WORK INSTRUCTIONS:
Reproduction without pictures: print every entry precisely as written.

(Source data)
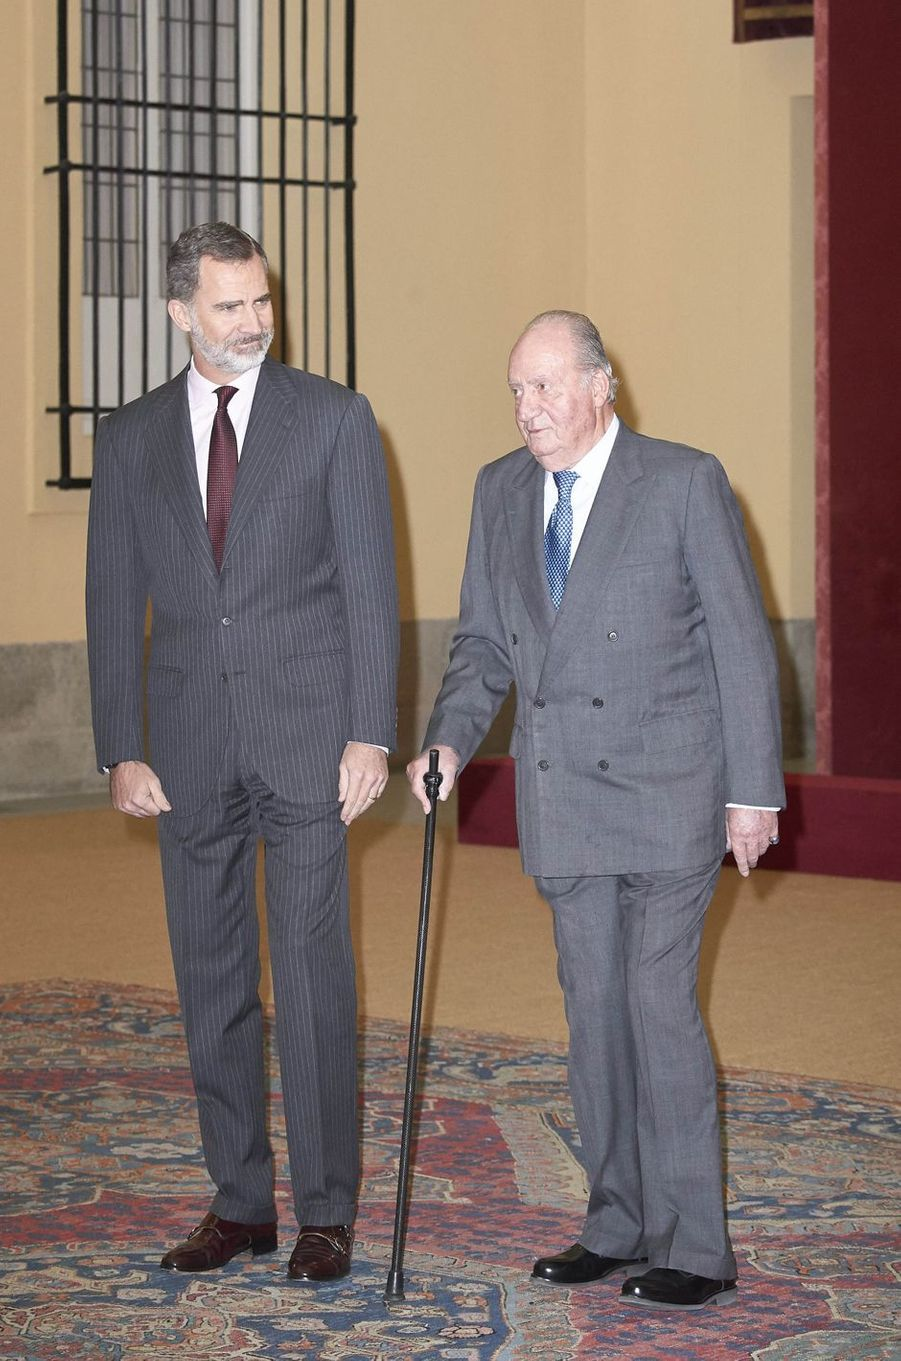 Le roi Felipe VI d'Espagne et son père l'ancien roi Juan Carlos à Madrid, le 3 décembre 2018
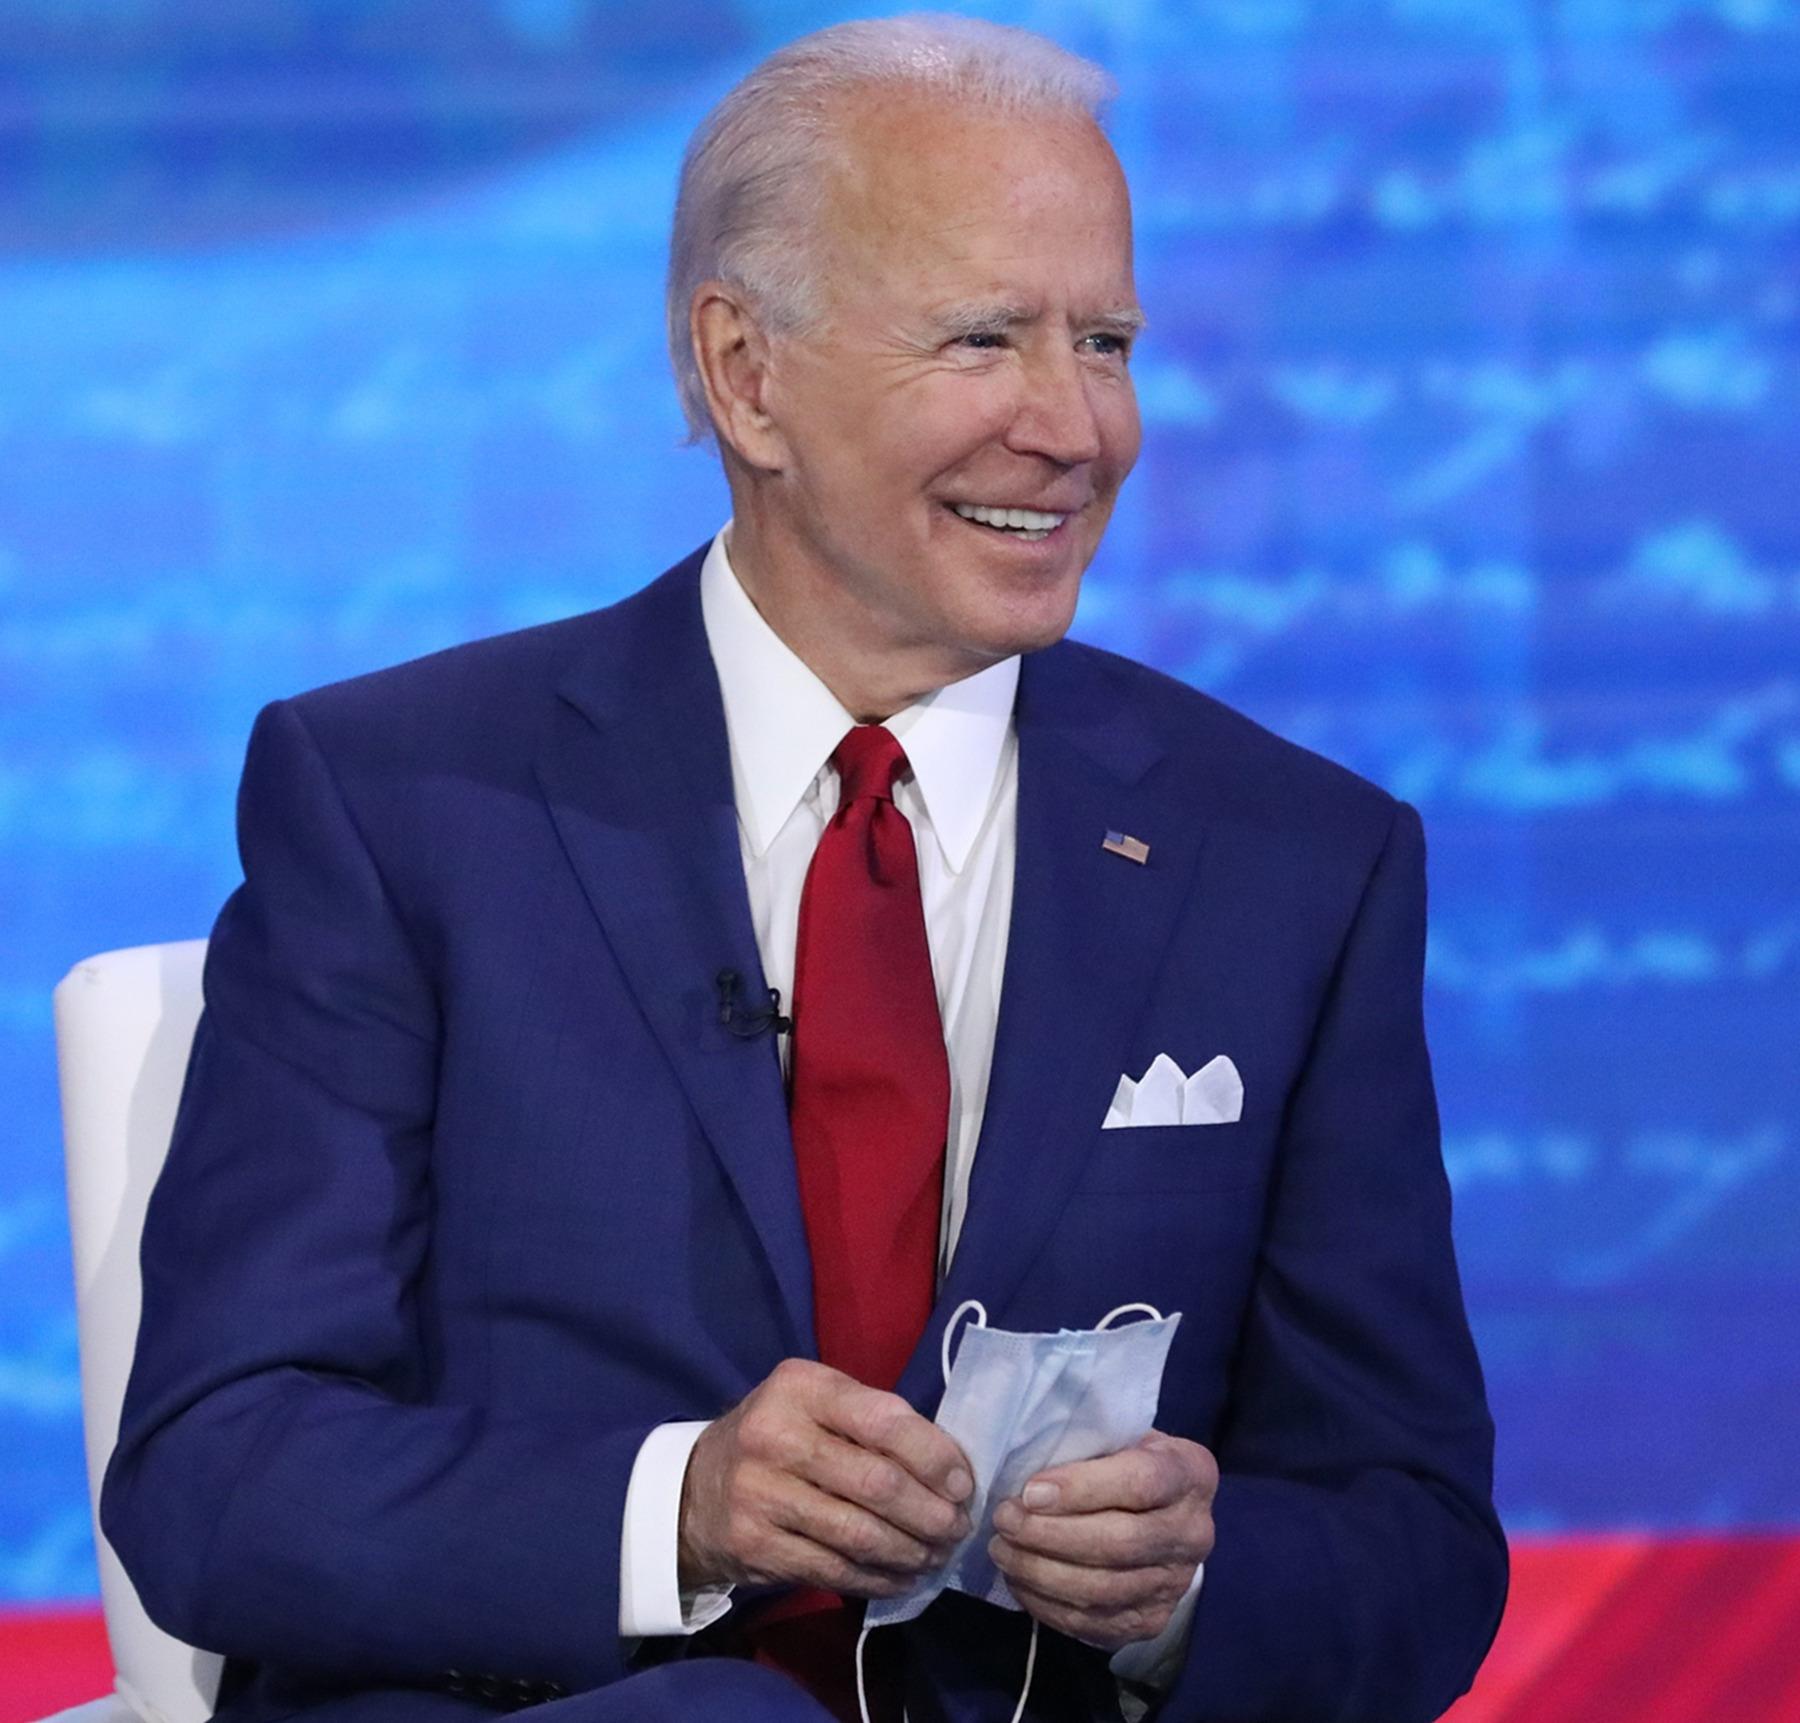 Joe Biden actualmente encabeza las encuestas nacionales, pero Donald Trump ya ha regresado
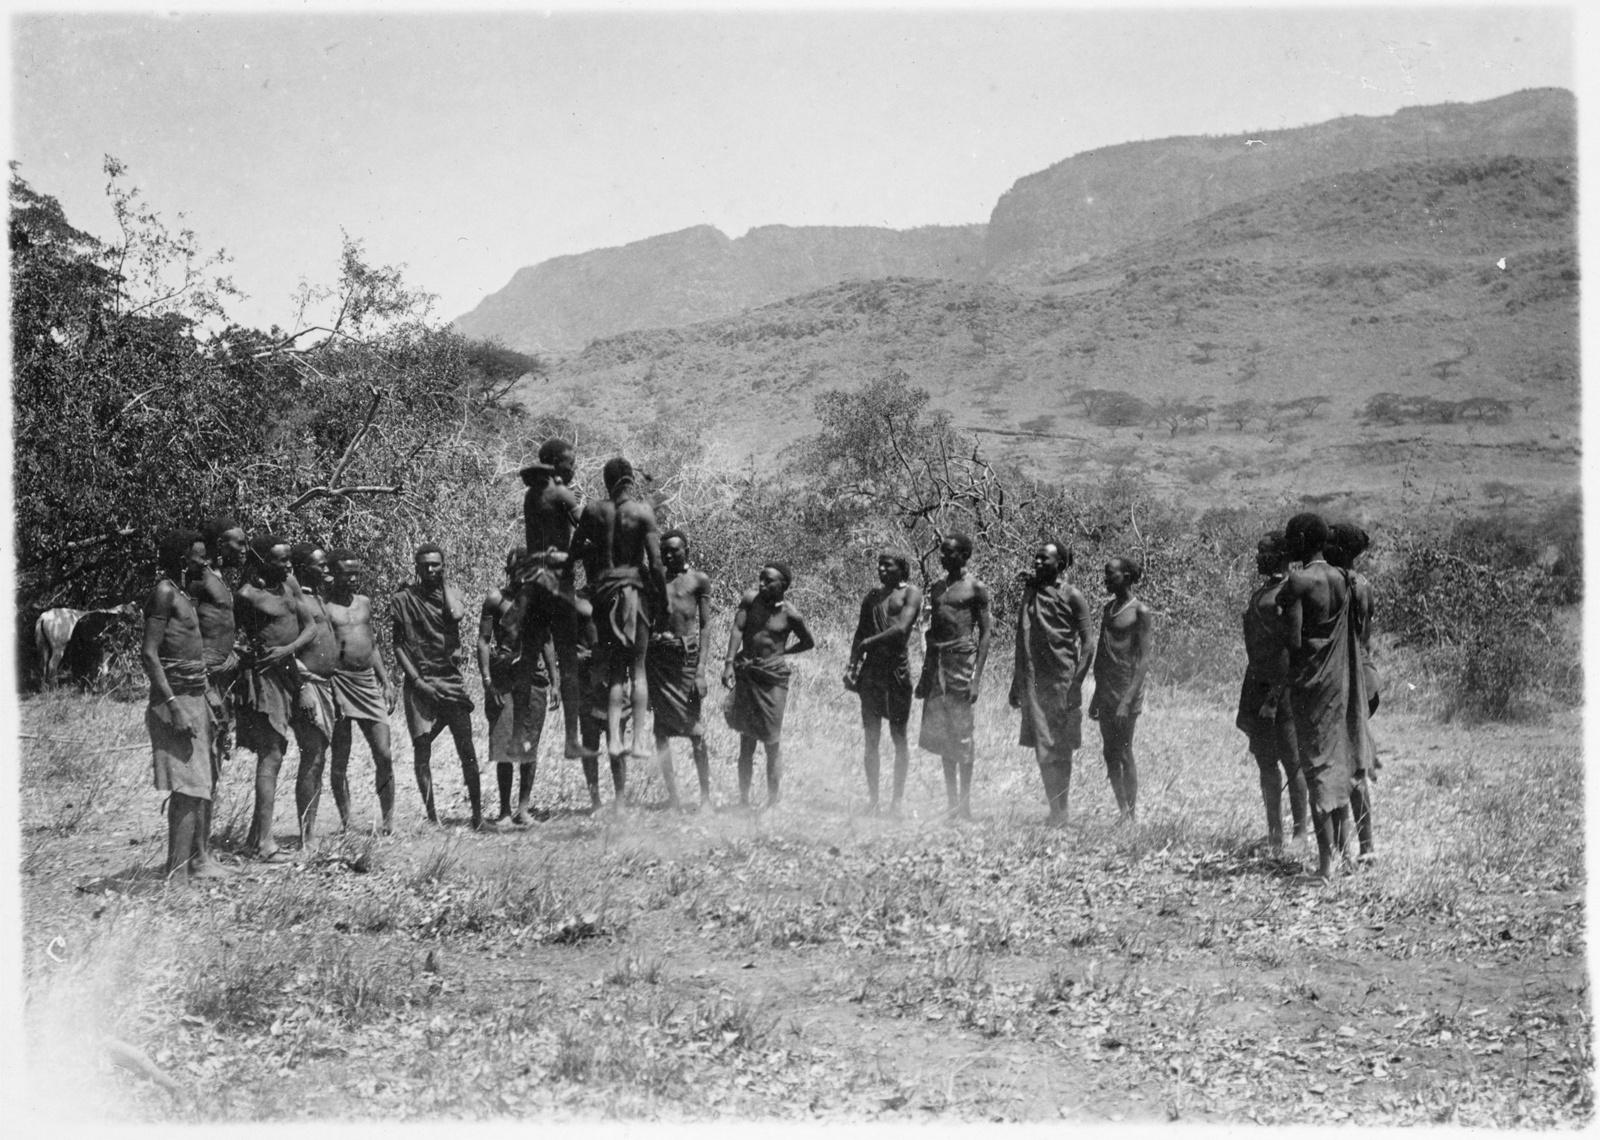 08. Группа людей басонжо во время танца у лагеря Ндалалани. Танцоры прыгают на два фута высотой, вытянув тела
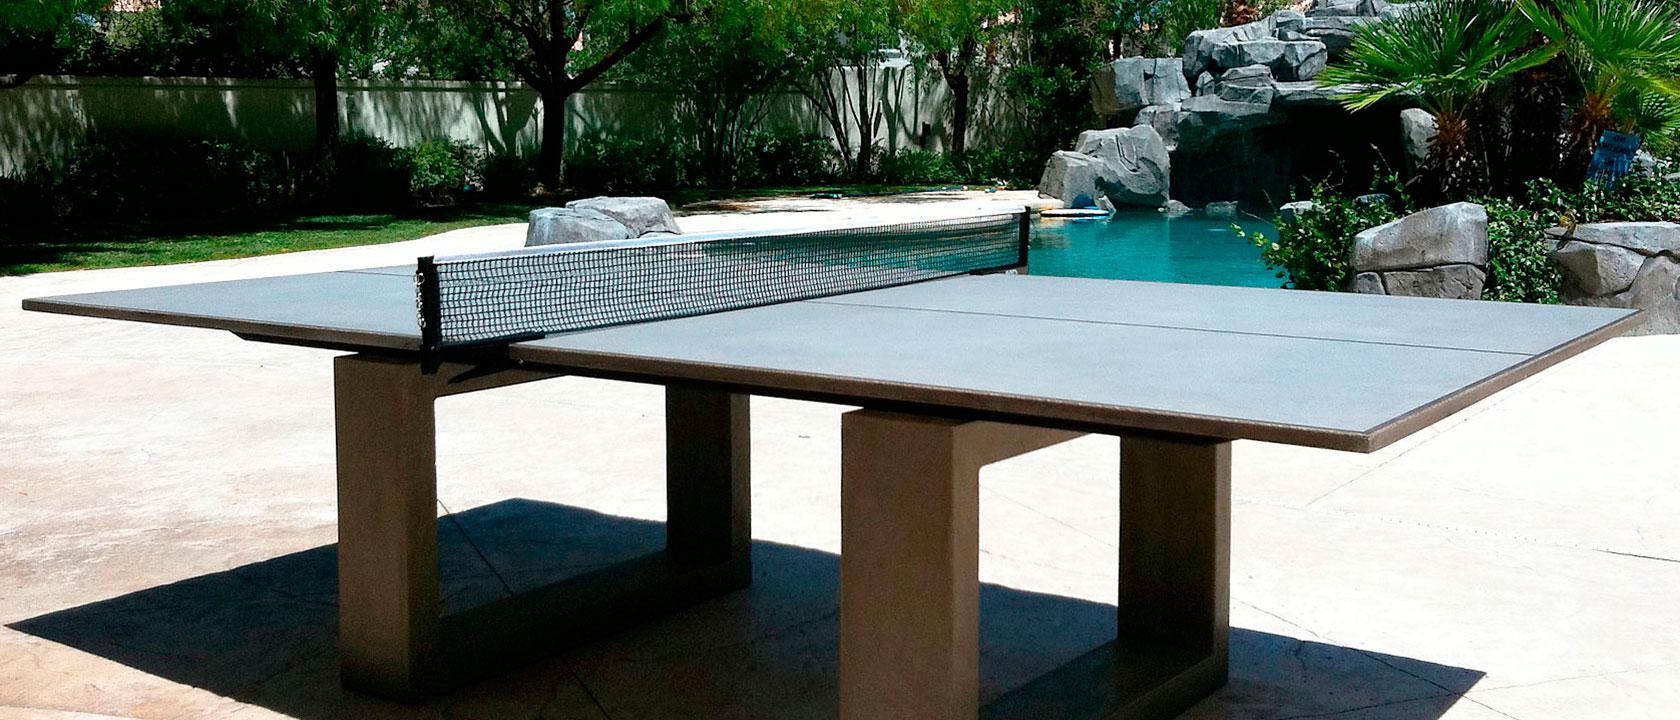 Mesas de ping pong de dise o hechas de hormig n mesas de for Mesa de ping pong milanuncios
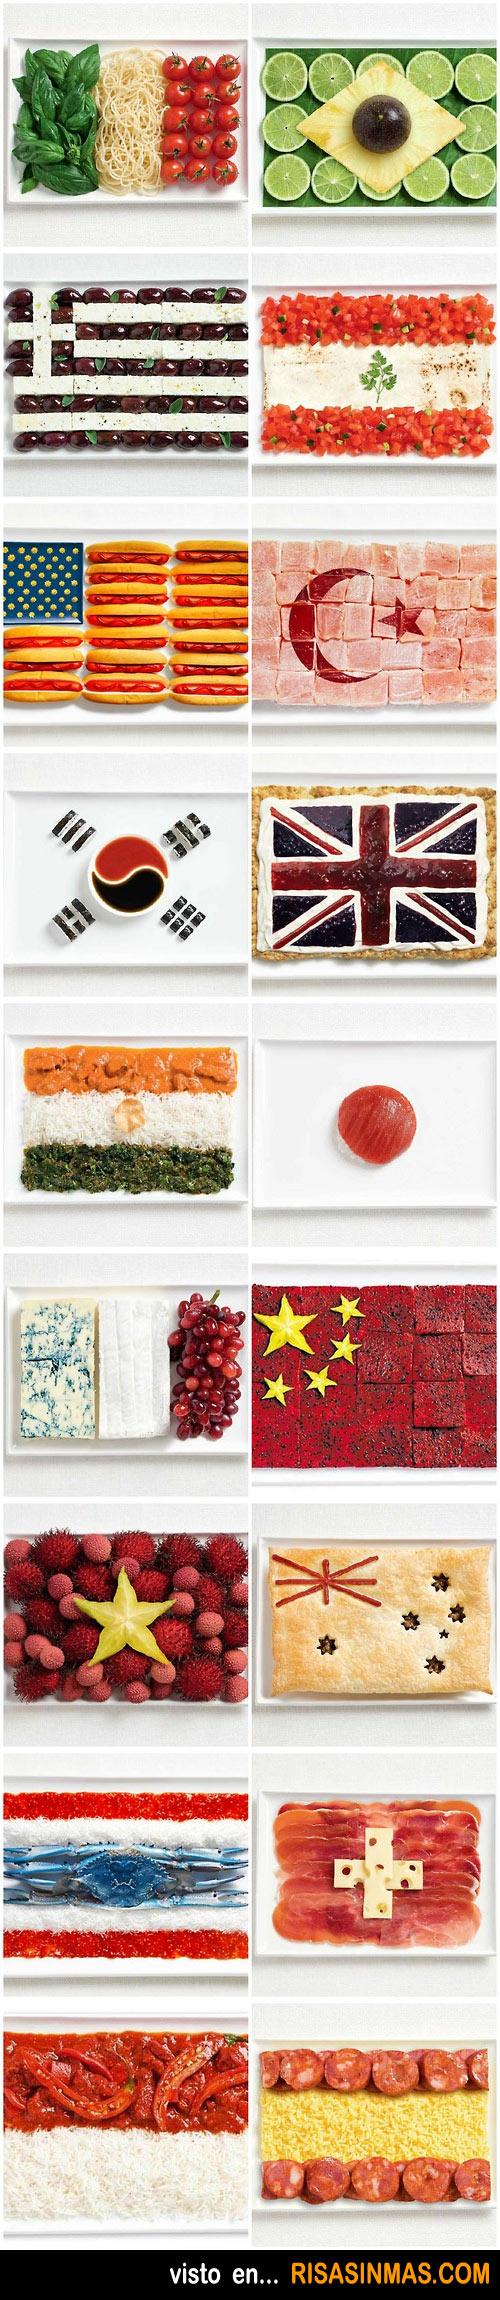 Banderas hechas con comida

ANSWER SPACE:
 Le roi Felipe VI d'Espagne et son père l'ancien roi Juan Carlos à Madrid, le 3 décembre 2018
 Joe Biden actualmente encabeza las encuestas nacionales, pero Donald Trump ya ha regresado
 08. Группа людей басонжо во время танца у лагеря Ндалалани. Танцоры прыгают на два фута высотой, вытянув тела
 Mesas de ping pong de dise o hechas de hormig n mesas de for Mesa de ping pong milanuncios
 Banderas hechas con comida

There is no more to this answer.